At the Skoll World Forum for Social Entrepreneurship a few weeks ago, leadership professor Roger Martin argued that the most common characteristic of exceptional leaders - not good leaders, but exceptional leaders - is that when presented with opposing and undesirable options, their tendency is to reject the premise of the choice and find a superior path forward.

Tonight, I told you stories from history for one simple reason. We are - everyone in this room - the inheritors of a legacy that respects no boundaries of race, gender or faith. It is a legacy that does not belong to any single leader or any single movement.

It is the legacy of people who, like Jane Addams, when confronted with magnitude of inequality and humanity's terrible capacity to destroy, refuse to believe that injustice is natural. It is the legacy of people like who have, like Thomas Clarkson had, a sheer, fortitudinal belief in our potential to shape a society driven by the better angels of our nature.
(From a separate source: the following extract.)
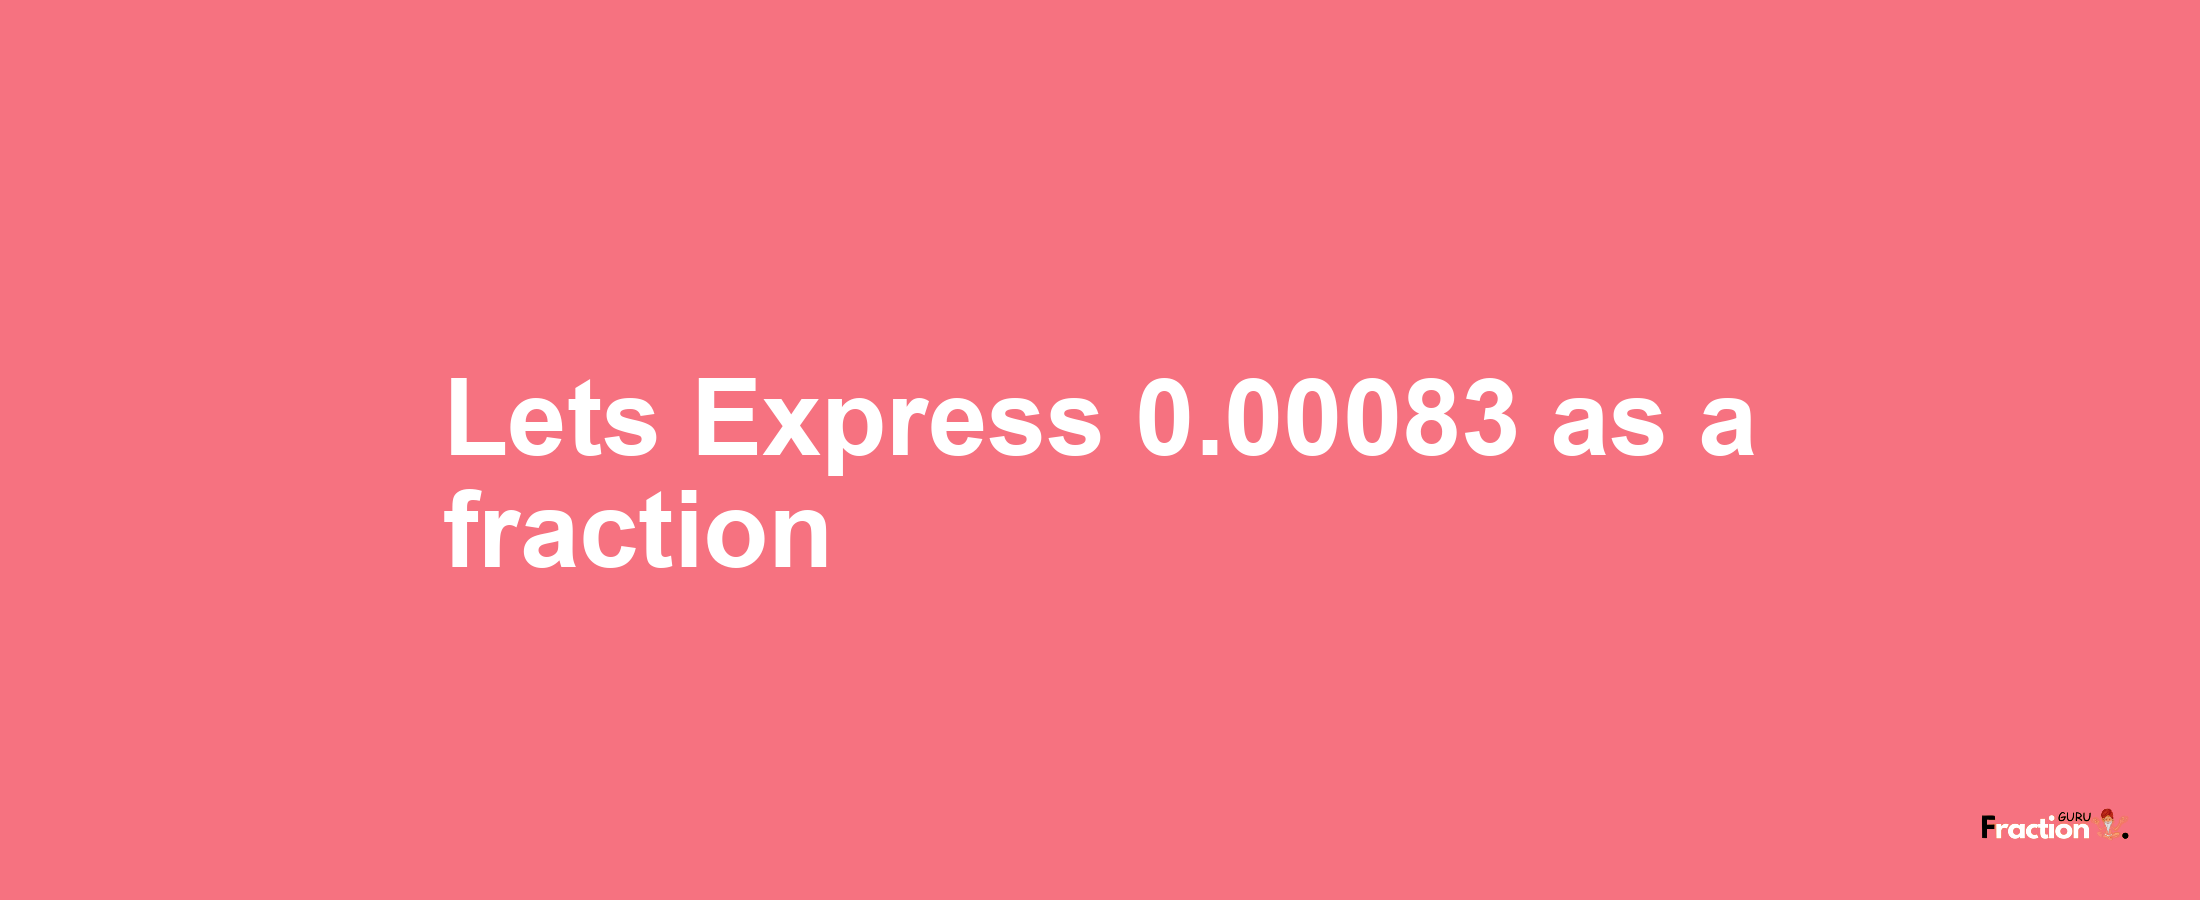 Lets Express 0.00083 as afraction

It's the legacy of people who despite nights, weeks, even decades of doubt, never stopped believing that they could change the world. While some might call this arrogance, I call it being Just Naïve Enough.

This is our legacy. This is our story. Every day I meet older people, family, friends, mentors, absolutely stunned by how young the members of our movement are. They're so used to the old, tired trade off between passion and selling out; they're used to idealism deferred. They often feel, to quote Bob Dylan, that "People seldom do what they believe in. They do what is convenient, then repent." But cynicism has gone out of fashion, and they're looking to us for leadership. The moment is ours to create.

Our obligation is to find our passion, and to unleash the passion of others. Our responsibility is to remember that systems of oppression were created by people, and so too can people undo them. Our hope is to never stop believing that we can change the world, because we must.

To end with one final quote from Jane Addams: "Our doubts are traitors, and make us lose the good we often might win, by fearing to attempt."

Find your story, and thank you for listening to mine.